# [WHAT YOU HAVE TO DO]
In the records that follow, find the line with "l.r. with monogram"; from there, retype every line exactly through the line with "242 Stroke Vol", which also belongs to the answer.

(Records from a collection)
+-------+

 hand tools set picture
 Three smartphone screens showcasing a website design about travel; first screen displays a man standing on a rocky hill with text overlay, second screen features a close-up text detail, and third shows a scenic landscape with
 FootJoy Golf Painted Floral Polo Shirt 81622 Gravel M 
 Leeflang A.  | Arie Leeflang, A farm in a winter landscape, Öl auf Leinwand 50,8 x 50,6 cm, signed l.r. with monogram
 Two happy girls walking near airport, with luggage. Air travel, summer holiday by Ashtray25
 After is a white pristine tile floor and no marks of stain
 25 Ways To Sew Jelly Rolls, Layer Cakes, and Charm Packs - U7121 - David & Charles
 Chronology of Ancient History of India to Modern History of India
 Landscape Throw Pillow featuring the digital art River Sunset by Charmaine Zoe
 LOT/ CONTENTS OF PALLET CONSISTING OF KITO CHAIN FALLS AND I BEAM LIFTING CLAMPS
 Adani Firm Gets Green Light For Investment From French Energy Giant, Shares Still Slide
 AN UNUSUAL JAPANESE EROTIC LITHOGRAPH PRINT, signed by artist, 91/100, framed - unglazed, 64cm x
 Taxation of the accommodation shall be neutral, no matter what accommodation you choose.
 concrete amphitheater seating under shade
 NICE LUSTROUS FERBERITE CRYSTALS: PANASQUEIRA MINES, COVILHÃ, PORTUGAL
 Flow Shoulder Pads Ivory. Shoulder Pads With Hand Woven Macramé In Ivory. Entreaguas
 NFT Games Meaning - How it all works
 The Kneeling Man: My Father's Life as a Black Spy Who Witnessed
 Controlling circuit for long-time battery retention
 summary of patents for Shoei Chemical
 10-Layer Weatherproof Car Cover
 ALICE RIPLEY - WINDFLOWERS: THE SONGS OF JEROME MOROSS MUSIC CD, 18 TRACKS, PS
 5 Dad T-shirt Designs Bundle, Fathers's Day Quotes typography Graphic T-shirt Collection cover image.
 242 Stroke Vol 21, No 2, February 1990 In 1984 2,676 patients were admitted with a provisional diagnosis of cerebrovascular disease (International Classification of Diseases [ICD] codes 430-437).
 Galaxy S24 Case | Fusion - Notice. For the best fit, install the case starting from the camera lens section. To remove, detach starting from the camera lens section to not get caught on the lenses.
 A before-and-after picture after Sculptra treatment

+-------+

# [EXERCISE OUTPUT]
 Leeflang A.  | Arie Leeflang, A farm in a winter landscape, Öl auf Leinwand 50,8 x 50,6 cm, signed l.r. with monogram
 Two happy girls walking near airport, with luggage. Air travel, summer holiday by Ashtray25
 After is a white pristine tile floor and no marks of stain
 25 Ways To Sew Jelly Rolls, Layer Cakes, and Charm Packs - U7121 - David & Charles
 Chronology of Ancient History of India to Modern History of India
 Landscape Throw Pillow featuring the digital art River Sunset by Charmaine Zoe
 LOT/ CONTENTS OF PALLET CONSISTING OF KITO CHAIN FALLS AND I BEAM LIFTING CLAMPS
 Adani Firm Gets Green Light For Investment From French Energy Giant, Shares Still Slide
 AN UNUSUAL JAPANESE EROTIC LITHOGRAPH PRINT, signed by artist, 91/100, framed - unglazed, 64cm x
 Taxation of the accommodation shall be neutral, no matter what accommodation you choose.
 concrete amphitheater seating under shade
 NICE LUSTROUS FERBERITE CRYSTALS: PANASQUEIRA MINES, COVILHÃ, PORTUGAL
 Flow Shoulder Pads Ivory. Shoulder Pads With Hand Woven Macramé In Ivory. Entreaguas
 NFT Games Meaning - How it all works
 The Kneeling Man: My Father's Life as a Black Spy Who Witnessed
 Controlling circuit for long-time battery retention
 summary of patents for Shoei Chemical
 10-Layer Weatherproof Car Cover
 ALICE RIPLEY - WINDFLOWERS: THE SONGS OF JEROME MOROSS MUSIC CD, 18 TRACKS, PS
 5 Dad T-shirt Designs Bundle, Fathers's Day Quotes typography Graphic T-shirt Collection cover image.
 242 Stroke Vol 21, No 2, February 1990 In 1984 2,676 patients were admitted with a provisional diagnosis of cerebrovascular disease (International Classification of Diseases [ICD] codes 430-437).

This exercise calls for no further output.